**Task statement:**
The line containing "YETI Roadie 60" marks the end, so write out exactly every line from the top of the entries below through that one.

[Saved data entries]
_ _ _ _ _ _ _

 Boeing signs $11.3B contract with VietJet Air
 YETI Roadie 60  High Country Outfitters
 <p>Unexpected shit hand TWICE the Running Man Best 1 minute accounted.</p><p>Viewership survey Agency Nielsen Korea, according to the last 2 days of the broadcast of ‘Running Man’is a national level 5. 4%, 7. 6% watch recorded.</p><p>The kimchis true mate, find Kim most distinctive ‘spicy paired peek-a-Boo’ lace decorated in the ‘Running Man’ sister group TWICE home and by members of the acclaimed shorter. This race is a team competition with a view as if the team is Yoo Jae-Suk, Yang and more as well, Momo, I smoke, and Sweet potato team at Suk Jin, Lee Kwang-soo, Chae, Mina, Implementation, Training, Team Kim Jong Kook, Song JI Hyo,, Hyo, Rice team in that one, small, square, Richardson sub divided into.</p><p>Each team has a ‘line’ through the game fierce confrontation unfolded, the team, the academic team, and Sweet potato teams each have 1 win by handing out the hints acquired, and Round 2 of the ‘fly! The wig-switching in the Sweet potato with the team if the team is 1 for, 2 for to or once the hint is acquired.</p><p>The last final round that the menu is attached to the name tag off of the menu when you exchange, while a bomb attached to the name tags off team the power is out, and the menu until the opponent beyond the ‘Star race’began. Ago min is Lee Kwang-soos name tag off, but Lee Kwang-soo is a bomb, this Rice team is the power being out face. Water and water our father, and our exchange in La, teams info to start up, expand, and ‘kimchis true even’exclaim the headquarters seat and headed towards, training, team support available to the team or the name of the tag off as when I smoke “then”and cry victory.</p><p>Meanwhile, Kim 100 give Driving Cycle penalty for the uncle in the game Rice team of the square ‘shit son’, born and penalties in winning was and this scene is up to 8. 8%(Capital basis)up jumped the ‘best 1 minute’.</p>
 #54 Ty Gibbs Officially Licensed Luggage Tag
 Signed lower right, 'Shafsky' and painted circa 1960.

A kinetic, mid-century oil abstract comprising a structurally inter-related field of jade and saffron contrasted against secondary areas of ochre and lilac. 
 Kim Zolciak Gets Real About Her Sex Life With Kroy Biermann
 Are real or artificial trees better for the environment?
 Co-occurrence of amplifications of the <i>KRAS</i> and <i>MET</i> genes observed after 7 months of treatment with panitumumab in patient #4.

_ _ _ _ _ _ _

**Task output:**
 Boeing signs $11.3B contract with VietJet Air
 YETI Roadie 60  High Country Outfitters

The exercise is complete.